A 57-year-old Caucasian female patientpresented with slow growing nodes that had been present for the last 24 years, at first on her arms, and currently diffusely distributed on her body (Figures 1 and 2). She complained of progressive dysphagia and dyspnea after small exertion, and reported well-controlled hypertension. She denied alcohol abuse. She underwent liposuction for eight similar lesions, with subsequent local recurrence. First and second degree relatives were reported to have similar lesions with different degrees of involvement (Figure 3). Dermatological examination showed symmetrical, painless tumors, of stiff, smooth, and soft texture, located on her arms, anterior thorax, trapezius, and along her back. Lab tests showed hypertriglyceridemia (247 IU/ml). CT scan (with contrast) of the chest showed diffuse enhancement of soft tissues (fat density) without internal lesions.

Figure 1

Soft, symmetrical, bulky tumors on the back

Figure 2

Tumors on the chest and shoulders, giving patient a "pseudo-athletic" shape

Figure 3

Heredogram. The arrow indicates the reported case (III-12)

DISCUSSION

Benign symmetric lipomatosis (BSL), or multiple symmetric lipomatosis, is a rare syndrome (1:25.000) that affects 30-60 year-old people, specially men (15-30:1) and alcoholics.[1] Familial cases with autosomal dominant inheritance have been reported.[2] BSL pathogenesis is still unclear, but involves proliferation of functionally defective brown adipocytes, whether by mitochondrial disorders or by AMPc dysfunction.[3-4]

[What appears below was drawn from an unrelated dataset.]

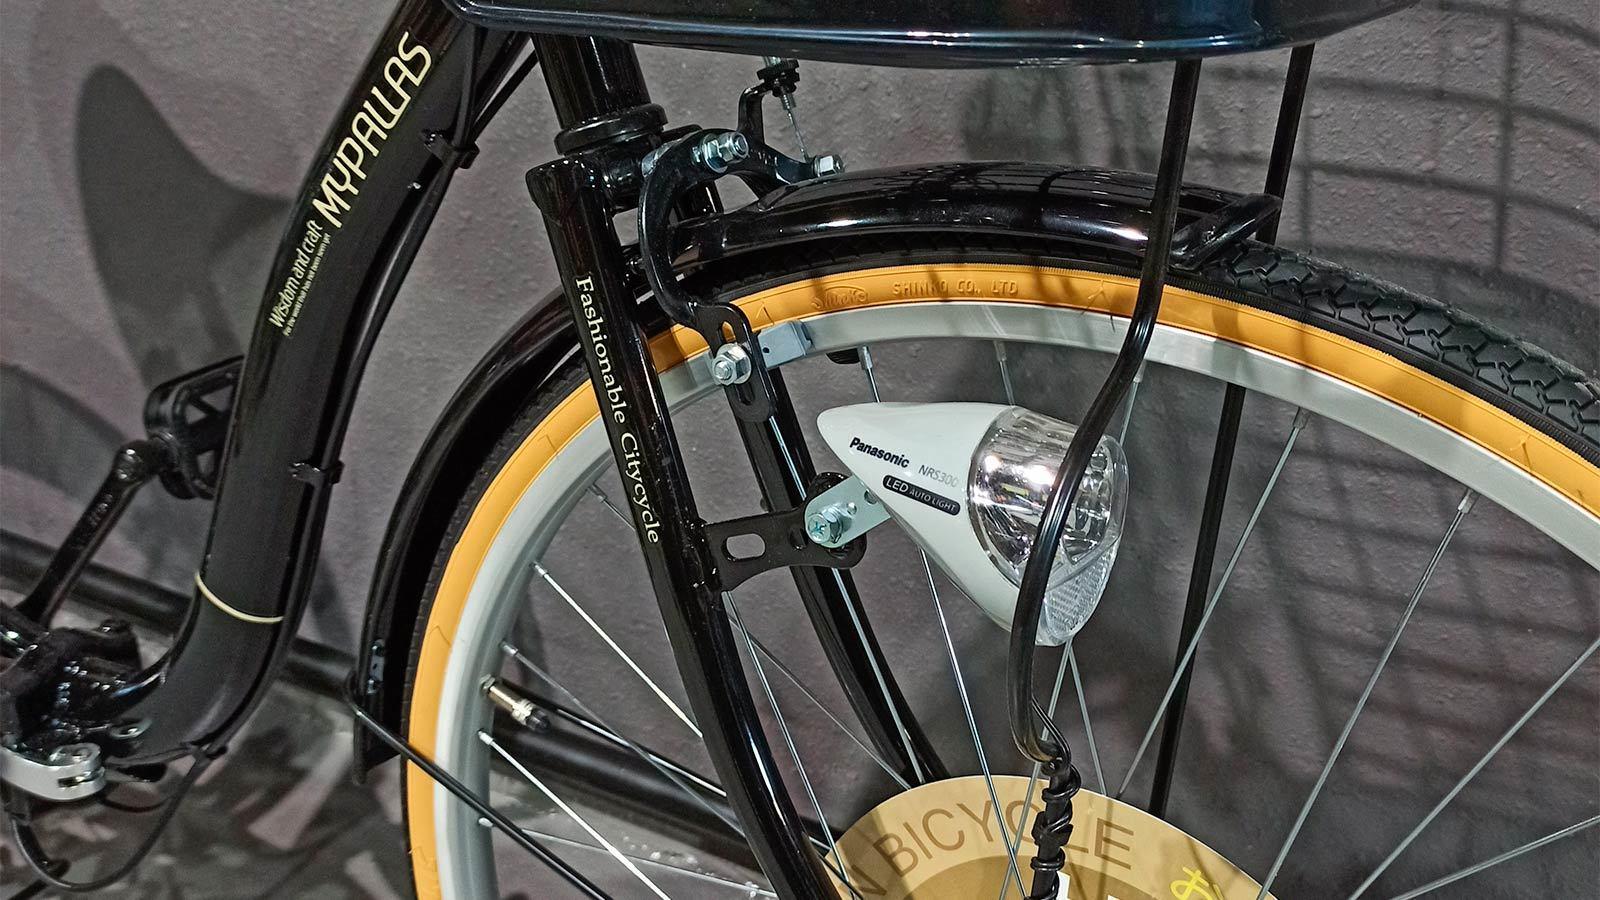 вилка переднего колеса складного велосипеда MyPallas M509
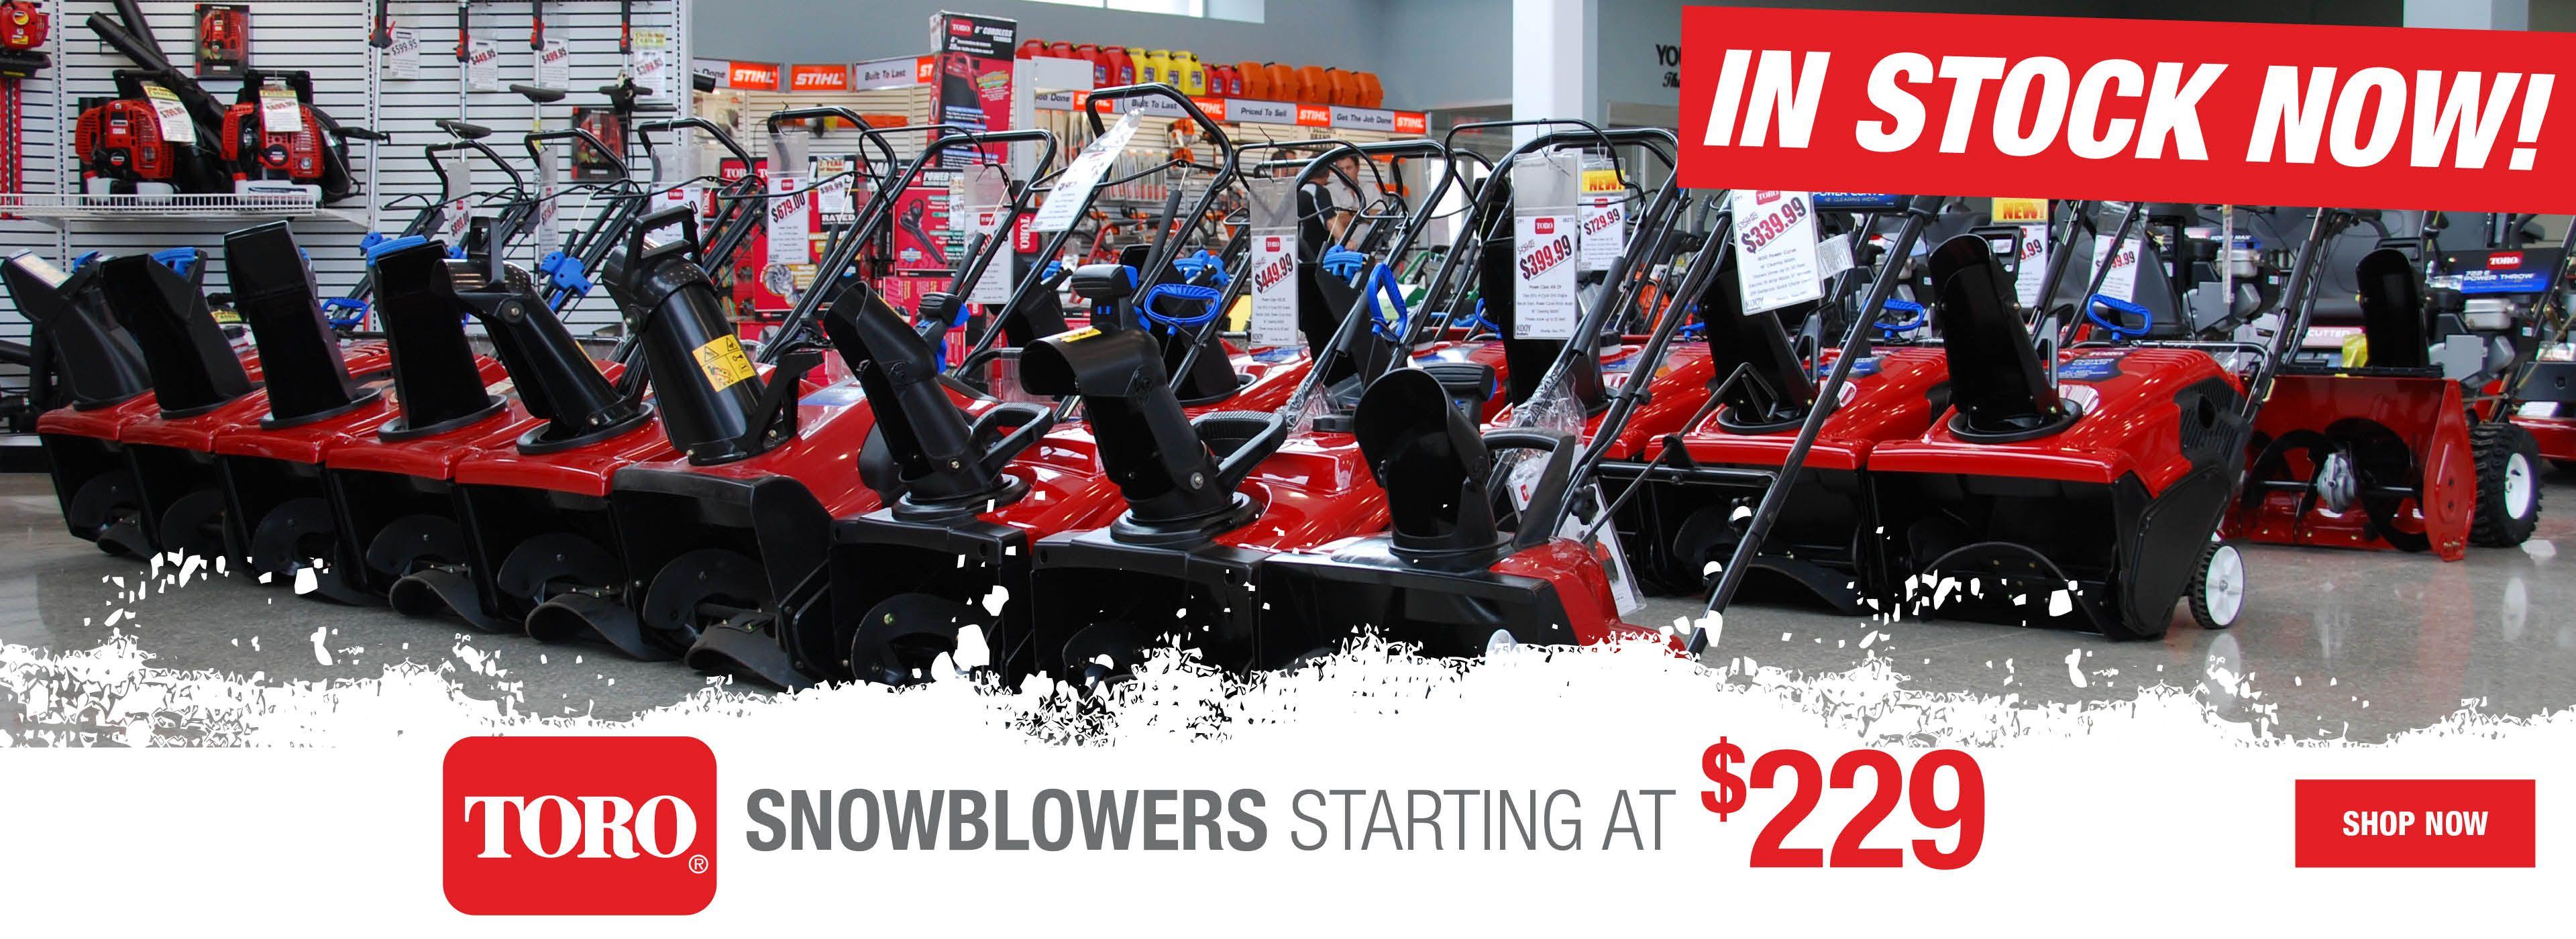 Toro Snowblowers Starting at $229! In Stock NOW!

It is characterized by multiple nonencapsulated symmetrical lipomas with various diameters (1-20cm). The patient's face, forearms, and distal third of the leg are usually intact. Lesions grow in a slow, progressively manner, into unsightly deformities. Upper airway obstruction and mediastinal invasion might occur as well.[5] Patients often show metabolic syndrome (diabetes mellitus, hyperlipidemia, and hyperuricemia), as well as peripheral sensory and motor neuropathy.[6]

BSL has three phenotypes, based on the anatomical location of the lesions. Type 1 (Madelung disease): Lipomatosis is located primarily in the cervical region, in kyphosis or "horse collar" manner, and is associated with alcoholism. Type 2 (Launois-Bensaude syndrome – LBS): It is unrelated to alcoholism; lesions occur primarily on shoulders, upper arms, and chest (sometimes in the abdomen and the back), giving the patient an "pseudo-athtletic" shape. Type 3 (gynecoid): Lipomatosis occurs primarily on the pelvic waist.[7]

LSB diagnosis is clinical; imaging exams (primarily CT scan) are important to assess the extent of lipomatosis, to rule out differential diagnosis, and to support pre-operative exams.[8] Aspiration of lesions shows only fat cells. Lipoma, angiolipoma, liposarcoma, multiple family lipomatosis, and Dercum's disease are differential diagnoses of LSB.[9]

Surgery (resection or liposuction) is the most effective treatment, due to the aesthetic deformities and compressive symptoms.[8] No treatments may prevent the formation of new lesions. Decreased progression with salbutamol (12 mg/day), as a result of lipolysis by adrenergic stimulation, has been reported.[10] The outcome of cases is not affected by dietary changes.

In this case, the diagnosis of type 2 LSB (Launois-Bensaude syndrome) was raised by its typical distribution (trunk and proximal region of the upper limbs) and no personal history of alcohol abuse. Genetic exam infers a pattern of autosomal dominant inheritance with incomplete penetrance.